FLAG reformulates the prediction of spatial gene expression from H&E pathology images as a structured distribution generation problem. It employs a fixed spatial graph encoder to compress tissue topology into conditional vectors, uses a DiT for denoising in the gene dimension, and injects gene-gene regulatory priors through intermediate layer alignment with Gene Foundation Models (GFMs). This approach elevates Gene Structural Correlation (GSC) and Spatial Structural Correlation (SSC) to new heights while maintaining competitive PCC/MSE performance.

Background & Motivation¶

Background: Spatial Transcriptomics (ST) sequencing is expensive and has low throughput, whereas H&E whole-slide images (WSI) are readily available in clinical settings. Predicting gene expression for each spot from H&E images has thus become a prominent research direction. Prevailing methods treat this as a gene-wise scalar regression task: HisToGene, BLEEP, and TRIPLEX directly minimize MSE, while Stem and STFlow use diffusion or flow-matching to generate along the gene dimension.

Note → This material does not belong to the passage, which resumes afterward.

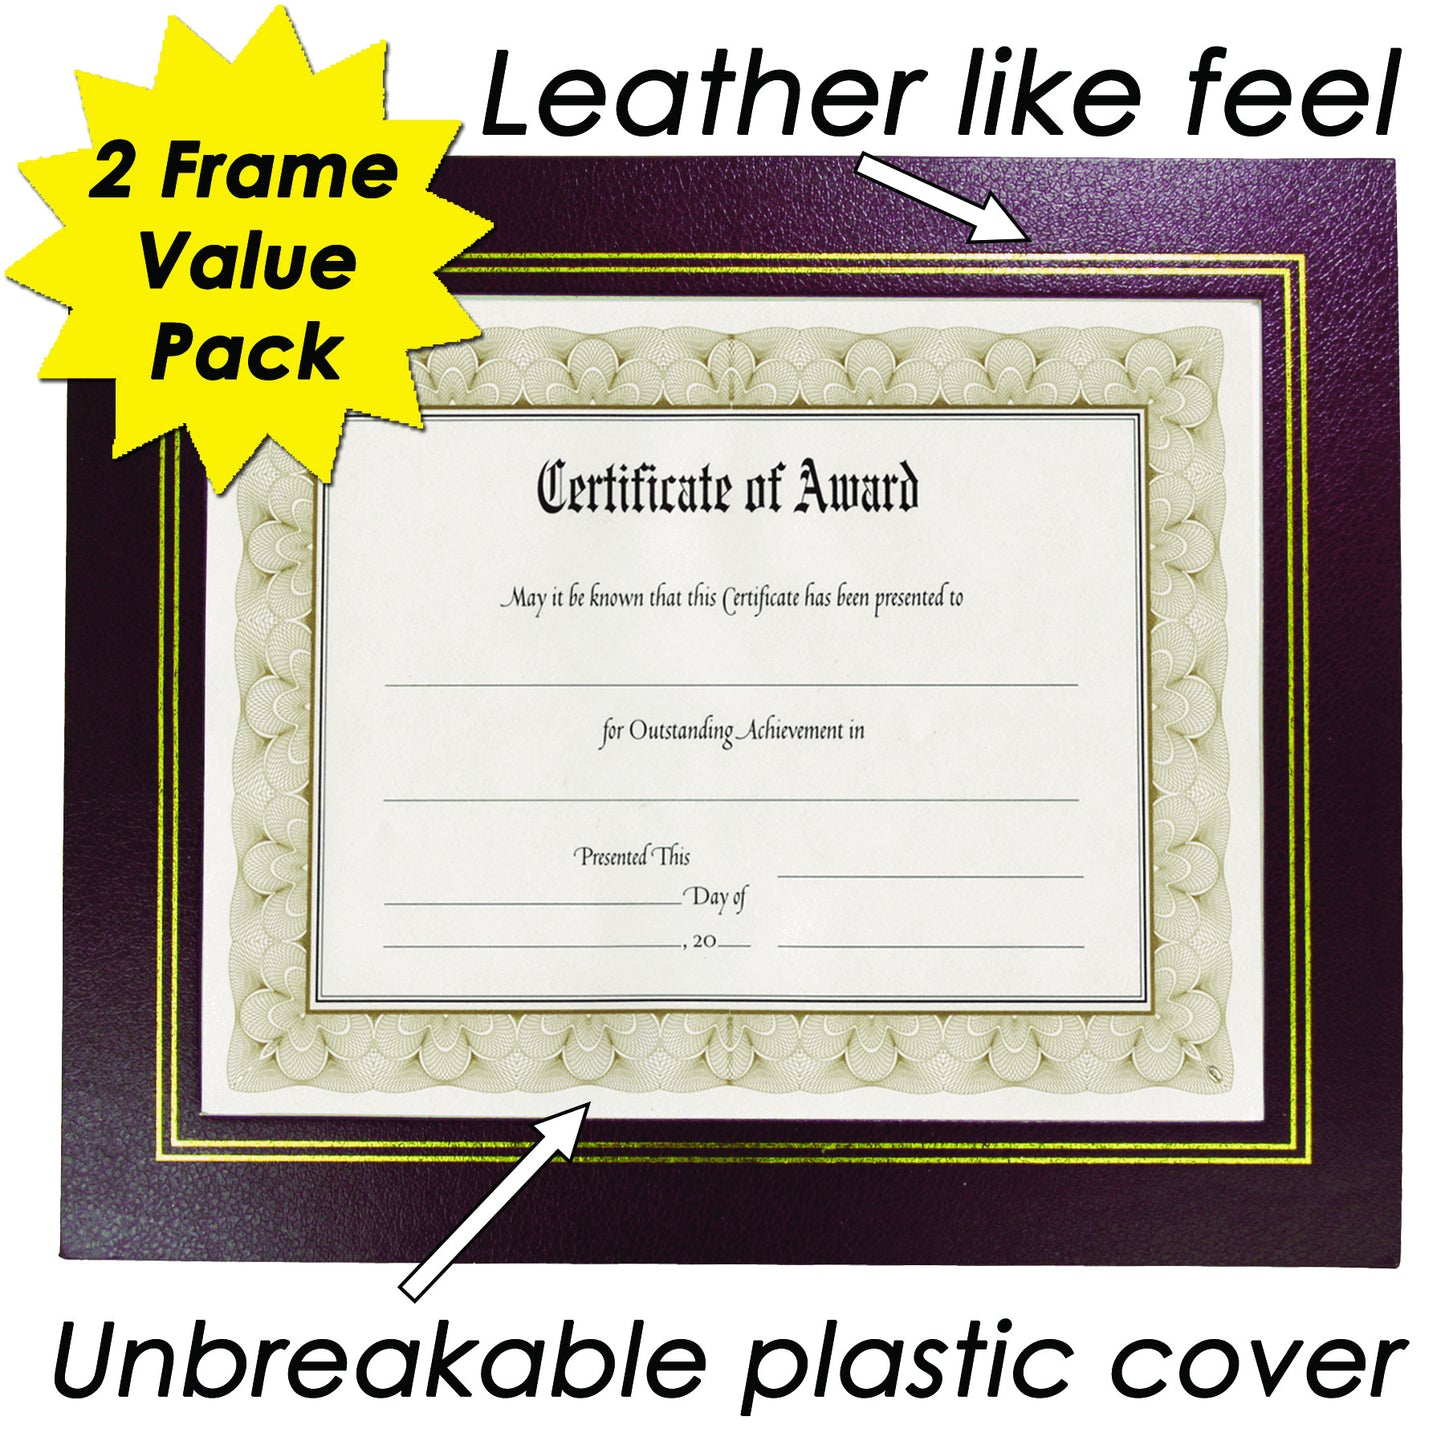 Leather Grain Certificate Frame 8.5" x 11", Burgundy, 2 Pack
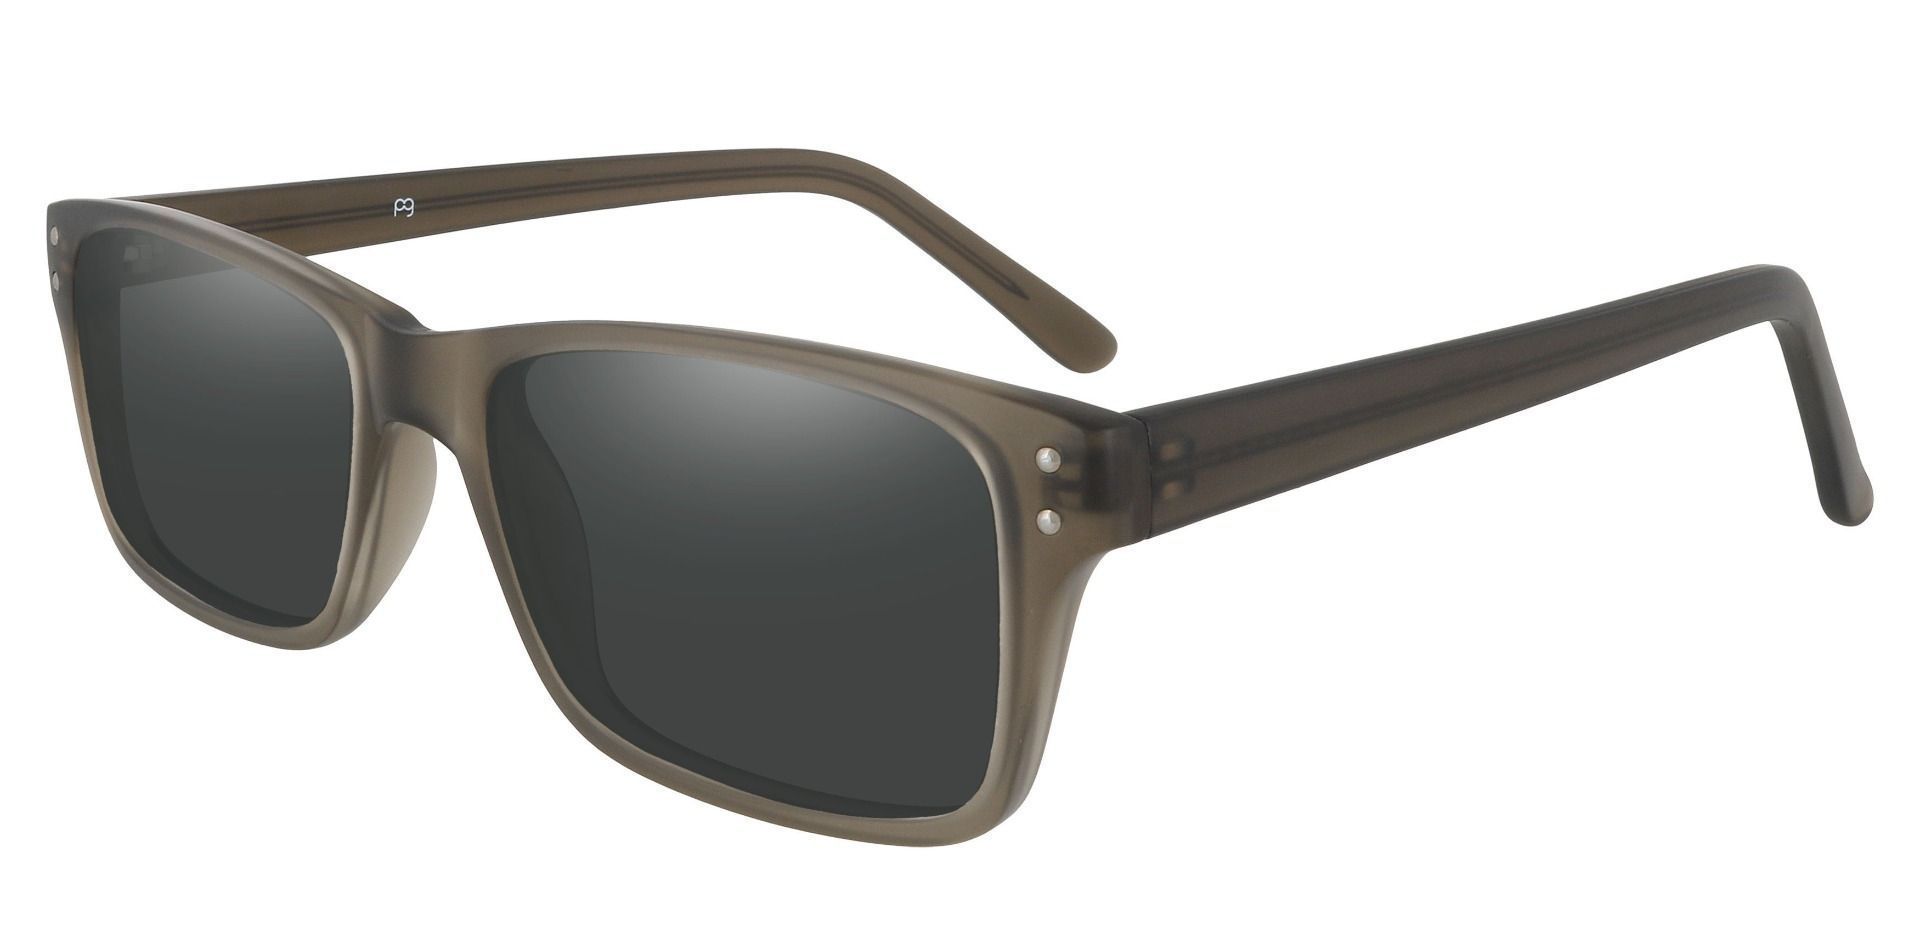 Fabian Rectangle Prescription Sunglasses - Gray Frame With Gray Lenses

Limitations of Prior Work: All these methods rely on point-wise metrics like PCC or MSE for evaluation, completely ignoring two types of structural properties crucial for downstream pathway analysis and tissue domain identification: gene-gene regulatory networks and gene-spatial distributions (Moran's I). Consequently, while point-wise metrics appear satisfactory, the generated expression maps lack coherent internal structures—appearing either oversmoothed or lacking synergy between genes.

Key Challenge: There is a fundamental conflict between modeling the task as "independent scalar regression" and the goal of "recovering a complete multivariate distribution." The mapping from tissue to expression is inherently a one-to-many stochastic mapping, and regression averages out this variance. A natural fix would be graph-diffusion, treating spots as nodes and correlations as edges for joint diffusion. However, the authors empirically discovered a fatal Gene Dimension Curse: as the number of genes \(G\) increases from 50 to 800, the PCC of joint node-edge diffusion collapses from \(>0.8\) to nearly 0, failing far faster than node-only diffusion.

Goal: (1) Explain why joint diffusion inevitably collapses under high-dimensional gene settings; (2) Design a generative framework that respects spot-spot topology and gene-gene regulation while scaling to 200/800 genes; (3) Propose evaluation metrics that reflect biological structure rather than just point-wise accuracy.

Key Insight: The authors observe that as \(G\) increases, empirical estimates of correlations between spots concentrate rapidly around population values. This causes the "node-edge consistency manifold" \(\{(\mathbf{X}, \mathbf{A}) : \mathbf{A} = \mathrm{corr}(\mathbf{X})\}\) to become extremely thin. Fitting the score field on this manifold requires near-singular gradient magnitudes, exceeding the capacity of finite-width networks. Thus, the problem lies not in the network architecture but in the modeling choice of treating high-dimensional correlation matrices as diffusion targets.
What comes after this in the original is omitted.